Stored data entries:
· · · · · · ·

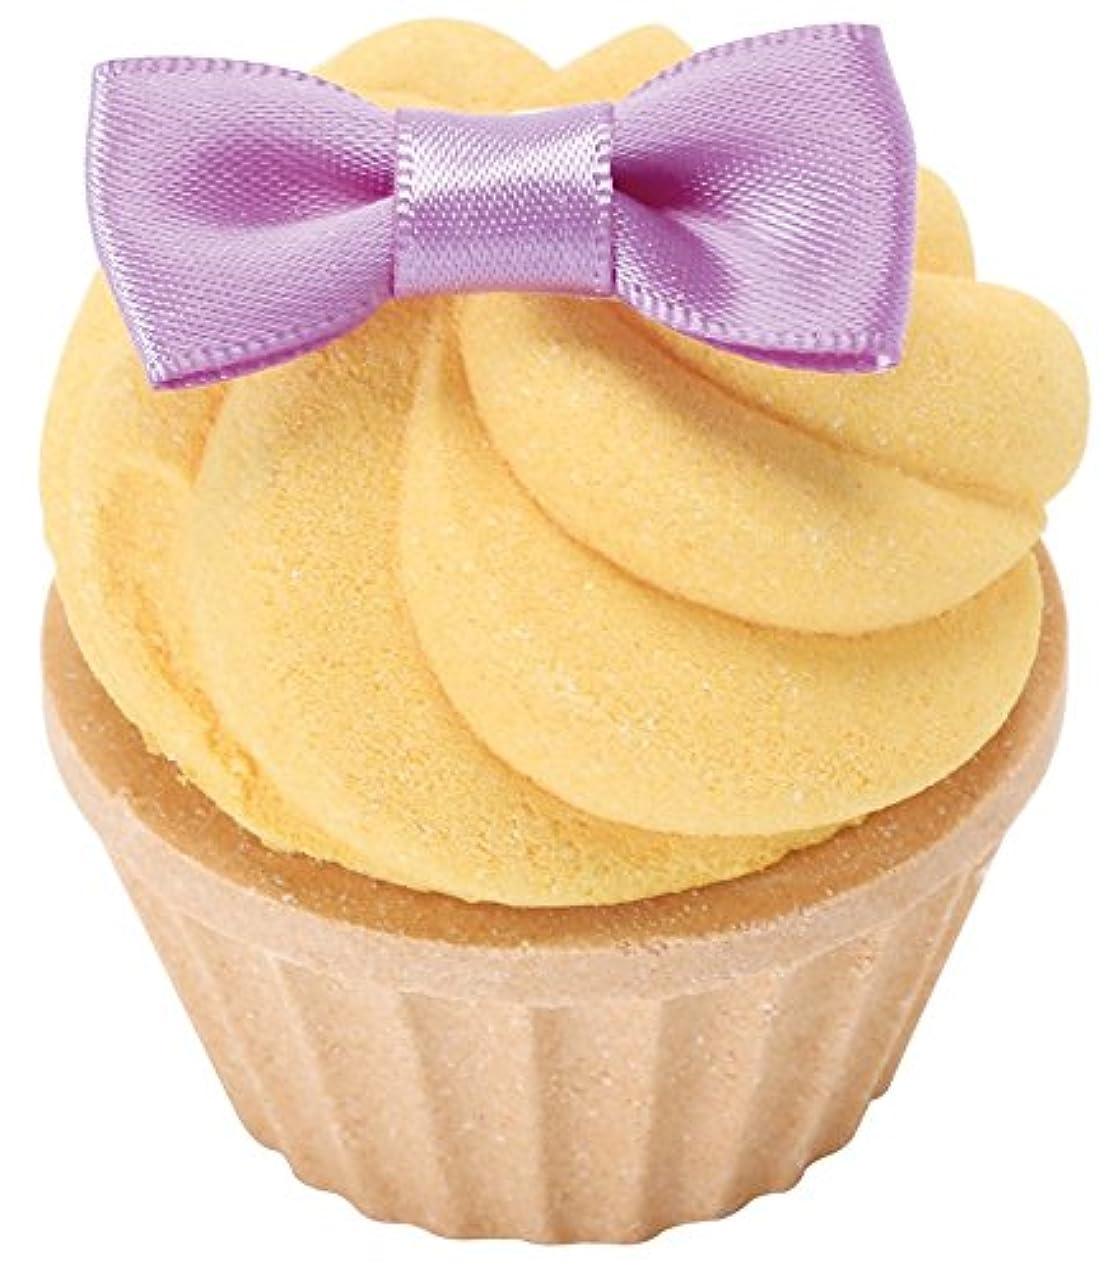 混沌調和のとれたドームノルコーポレーション お風呂用 芳香剤 おめかしカップケーキフィズ 60g フルーツサワーの香り OB-SMM-14-3
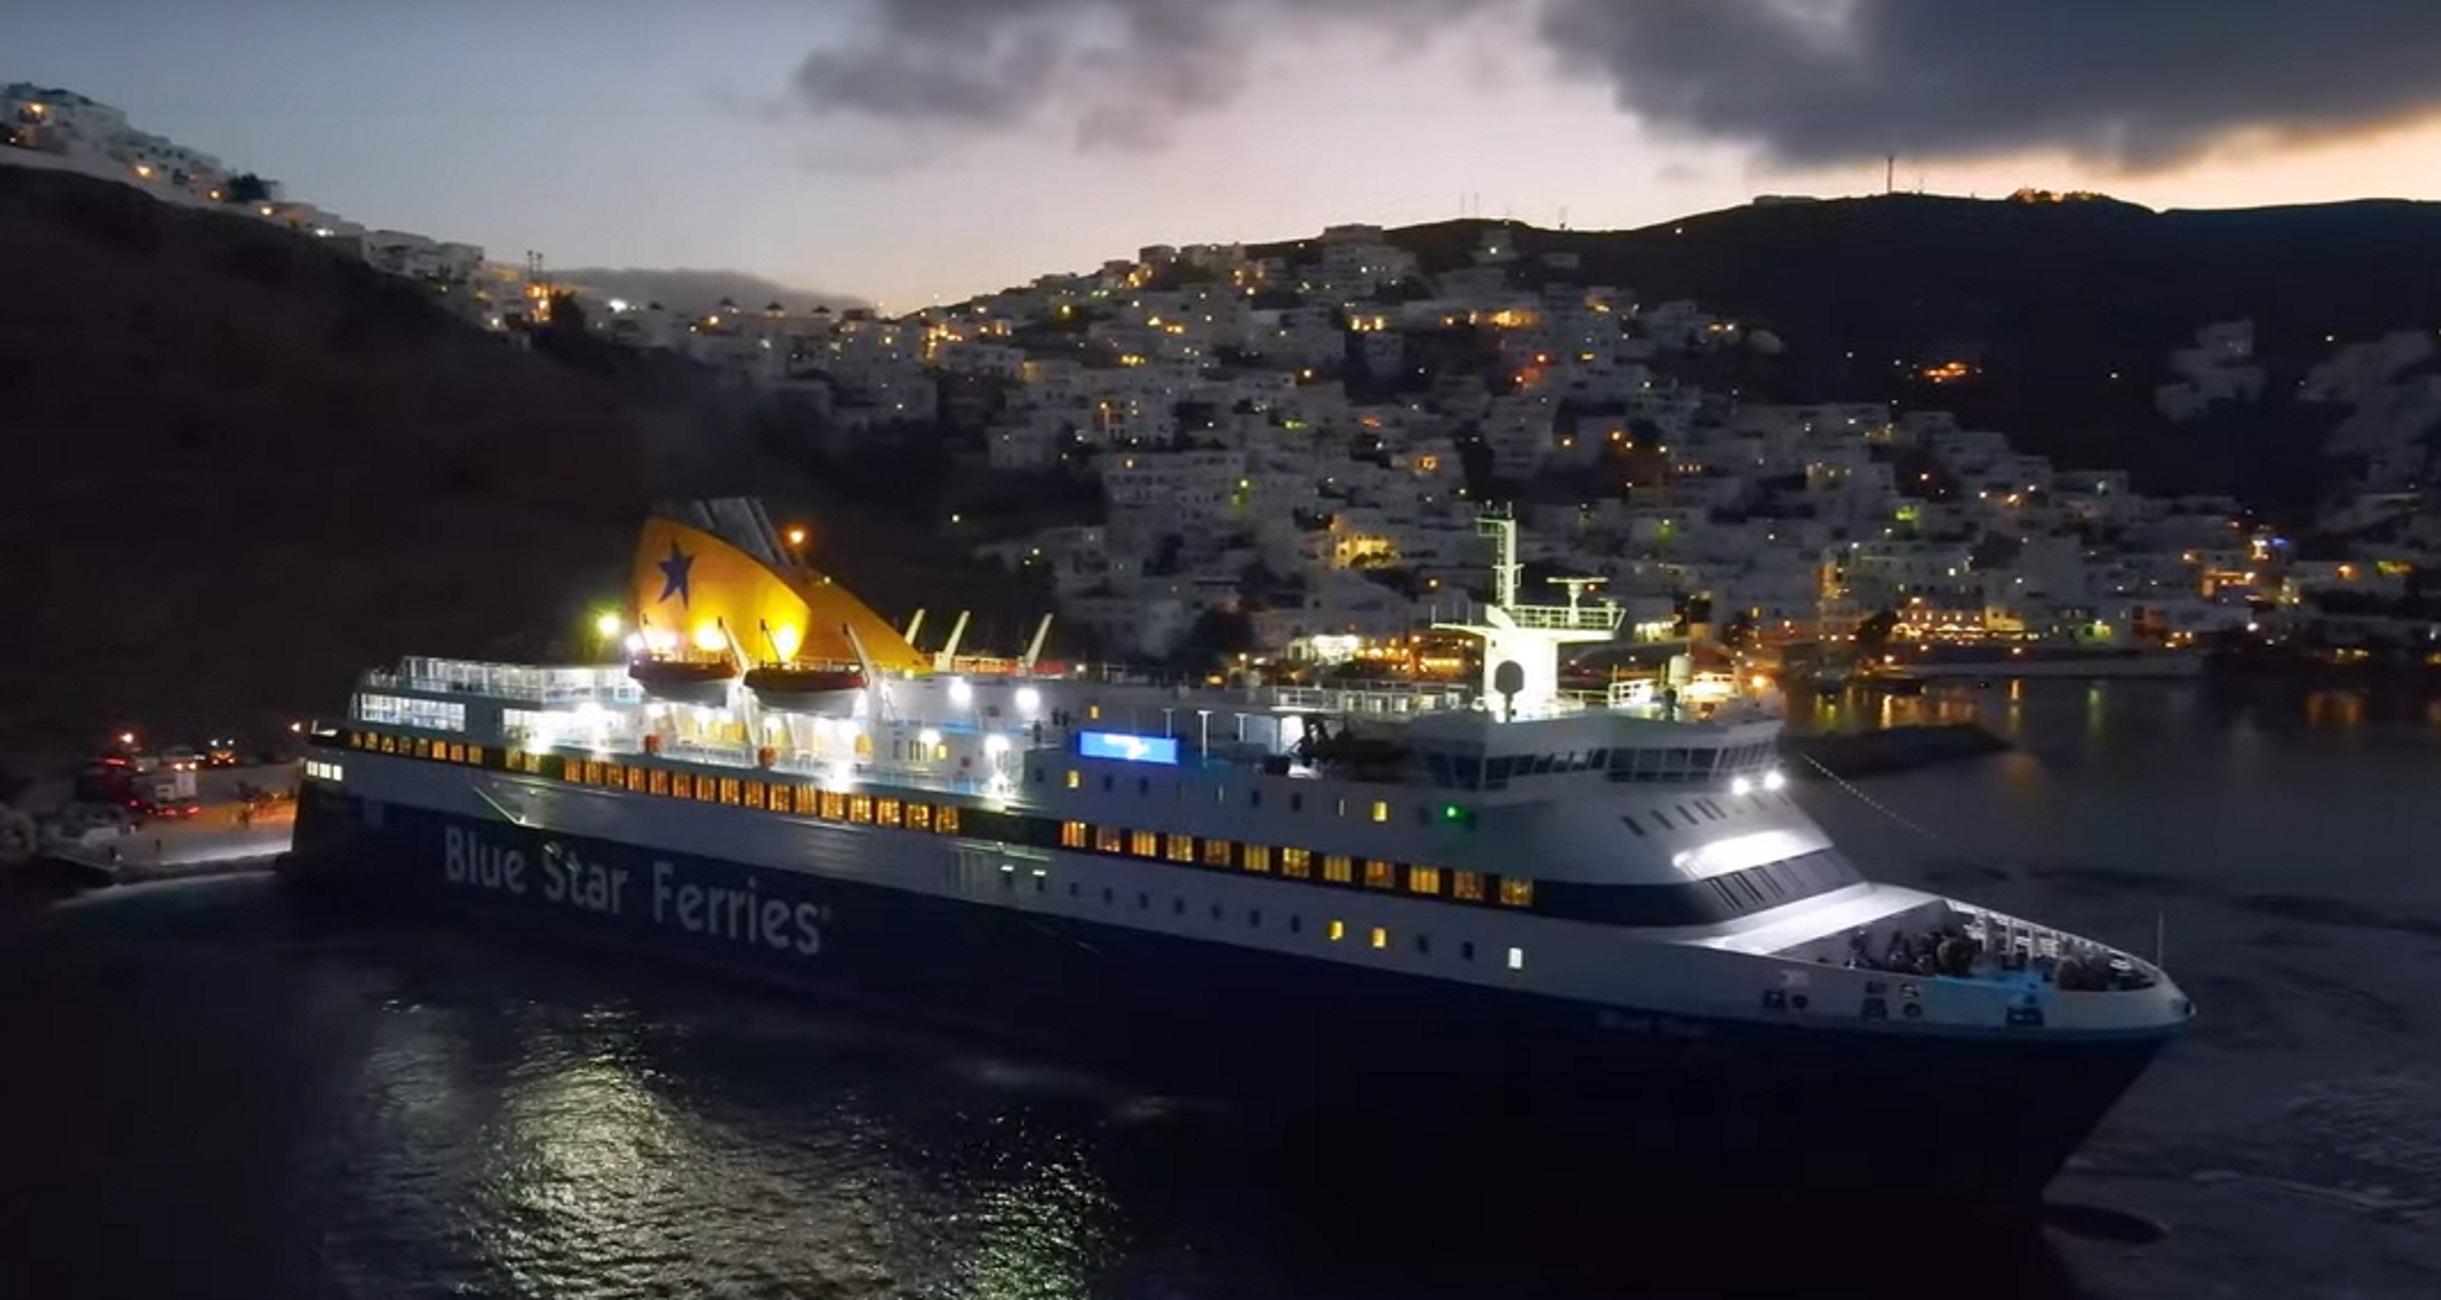 Αστυπάλαια: Δείτε την εντυπωσιακή μανούβρα του Blue Star Chios στη σκιά του περίφημου κάστρου
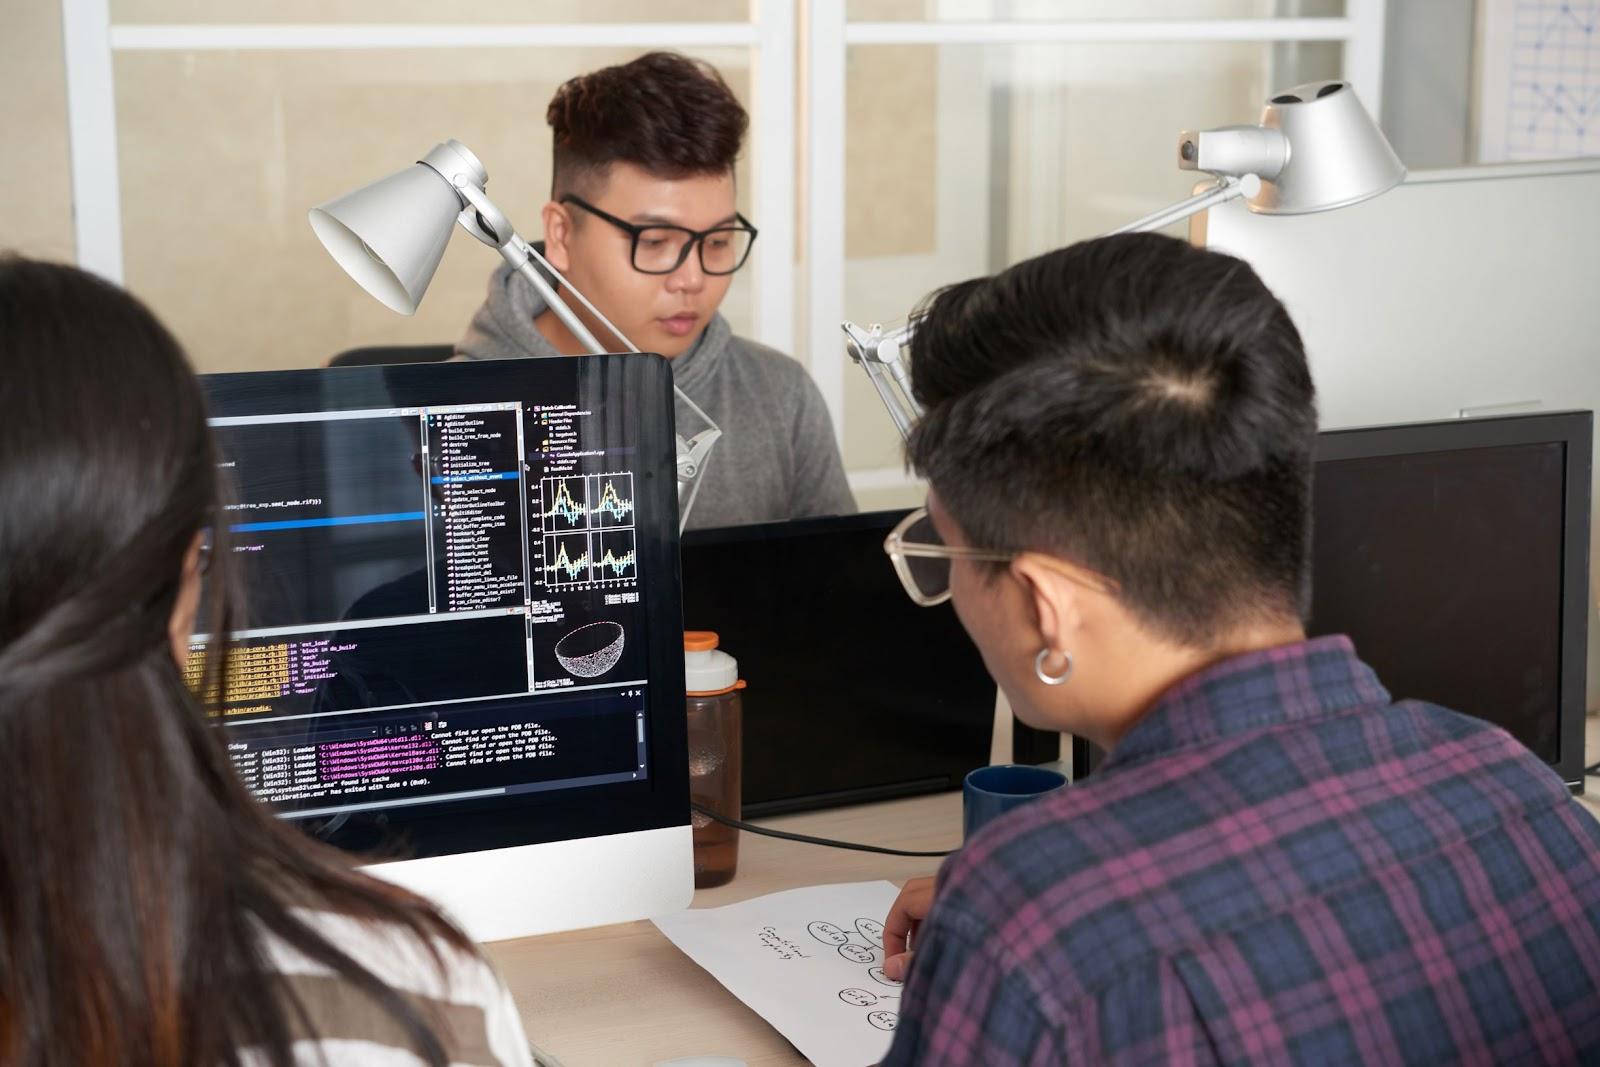 Imagem de 3 pessoas trabalhando em seus respectivos computadores, demonstrando que saber o que é SQL aumenta as possibilidades do universo digital
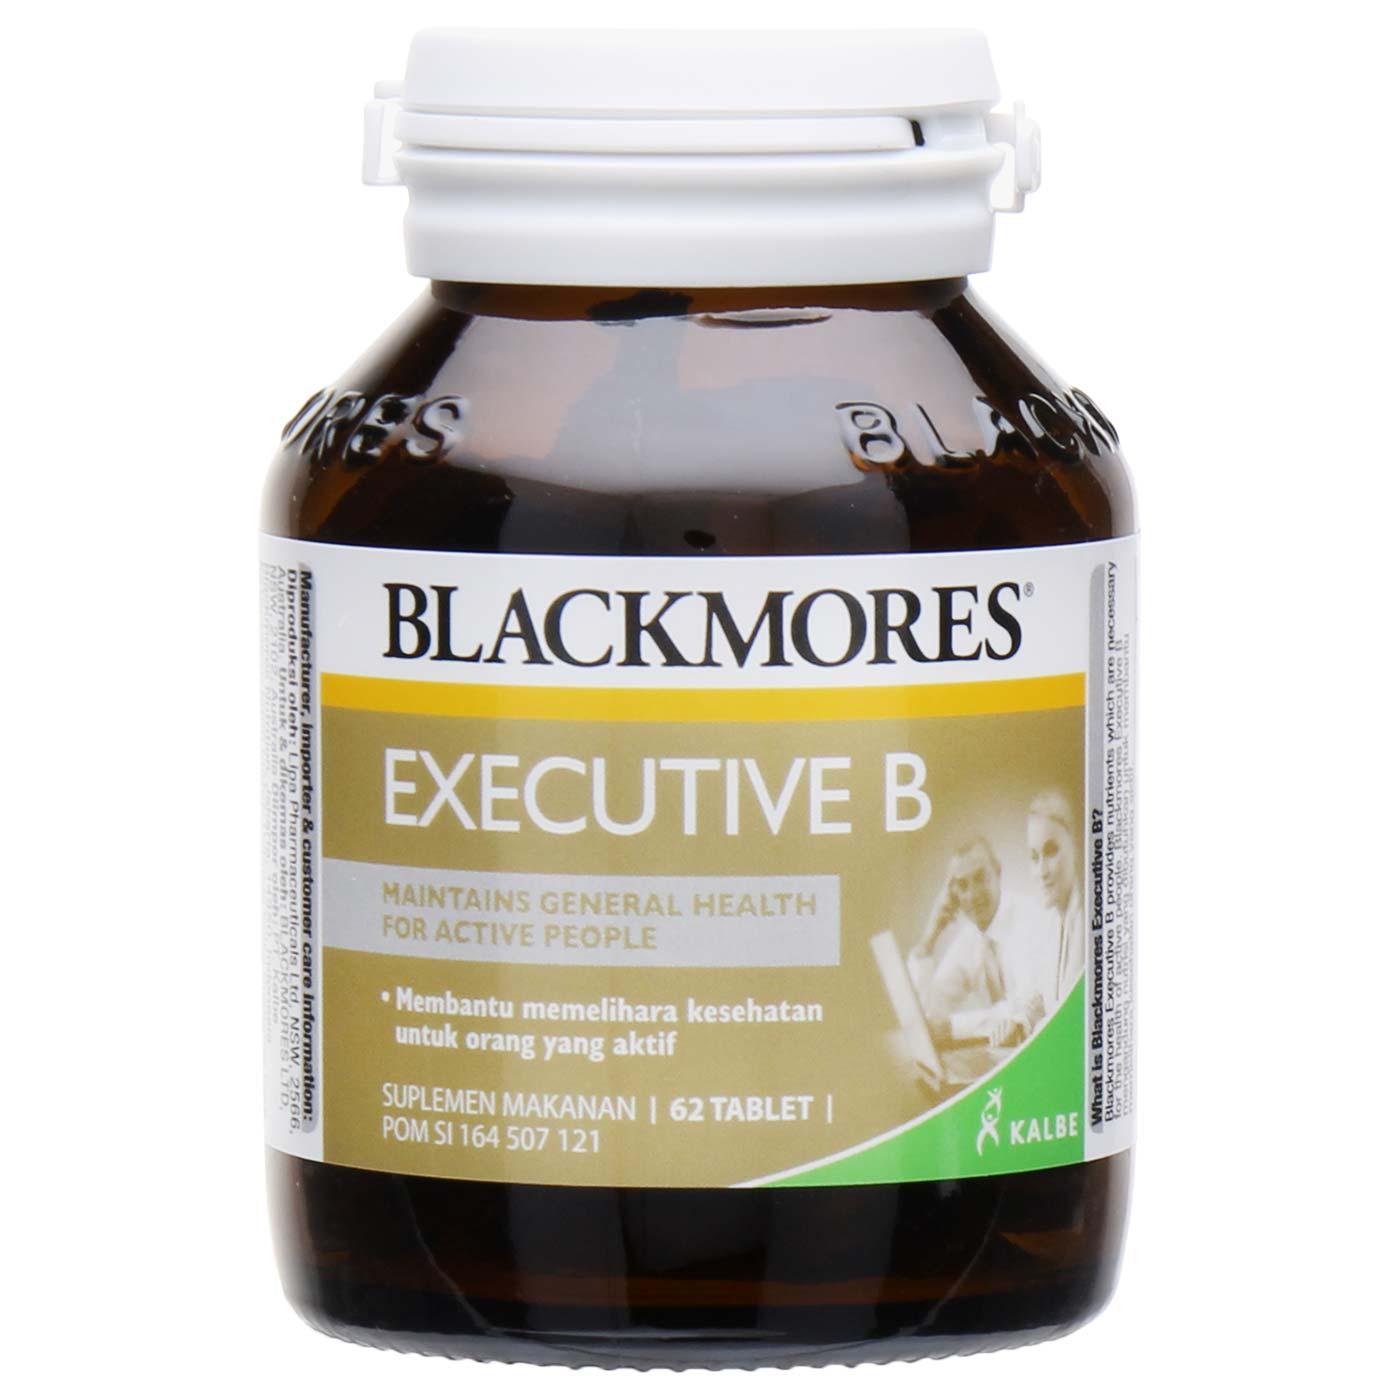 Blackmores Executive B 1
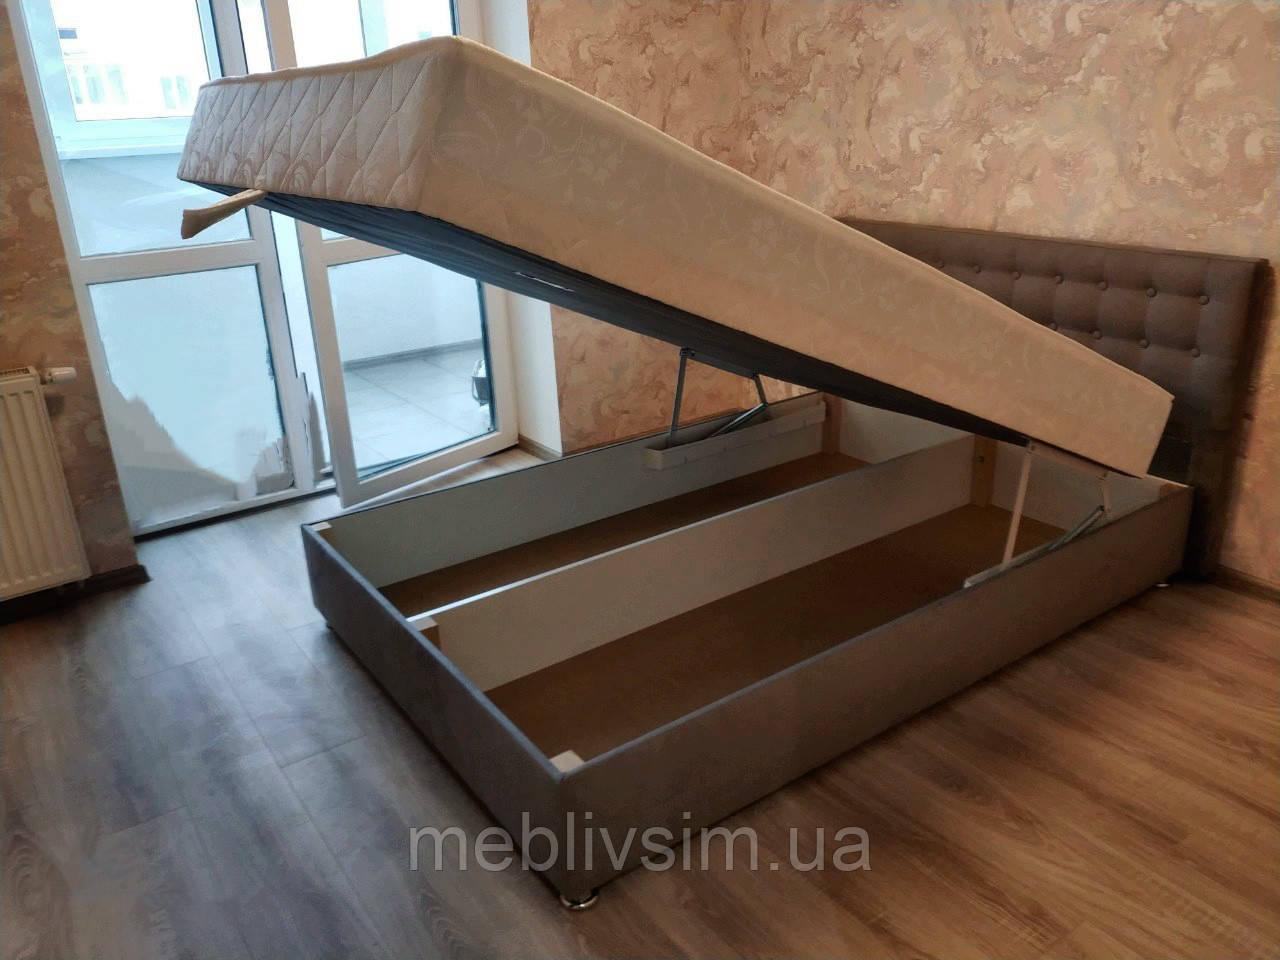 Кровать Альянс Камила 1,6 в обивке под замш мышиного цвета с матрасом и подъёмным механизмом с пуговицами

· · · · · · ·

YOUR TASK: Nothing but the lines from the line containing "Blackmores Executive B 1" through the end of the data, both ends included, is to be reproduced, exactly as written and without the pictures.

EXERCISE RESULT:
 Blackmores Executive B 1
 Кровать Альянс Камила 1,6 в обивке под замш мышиного цвета с матрасом и подъёмным механизмом с пуговицами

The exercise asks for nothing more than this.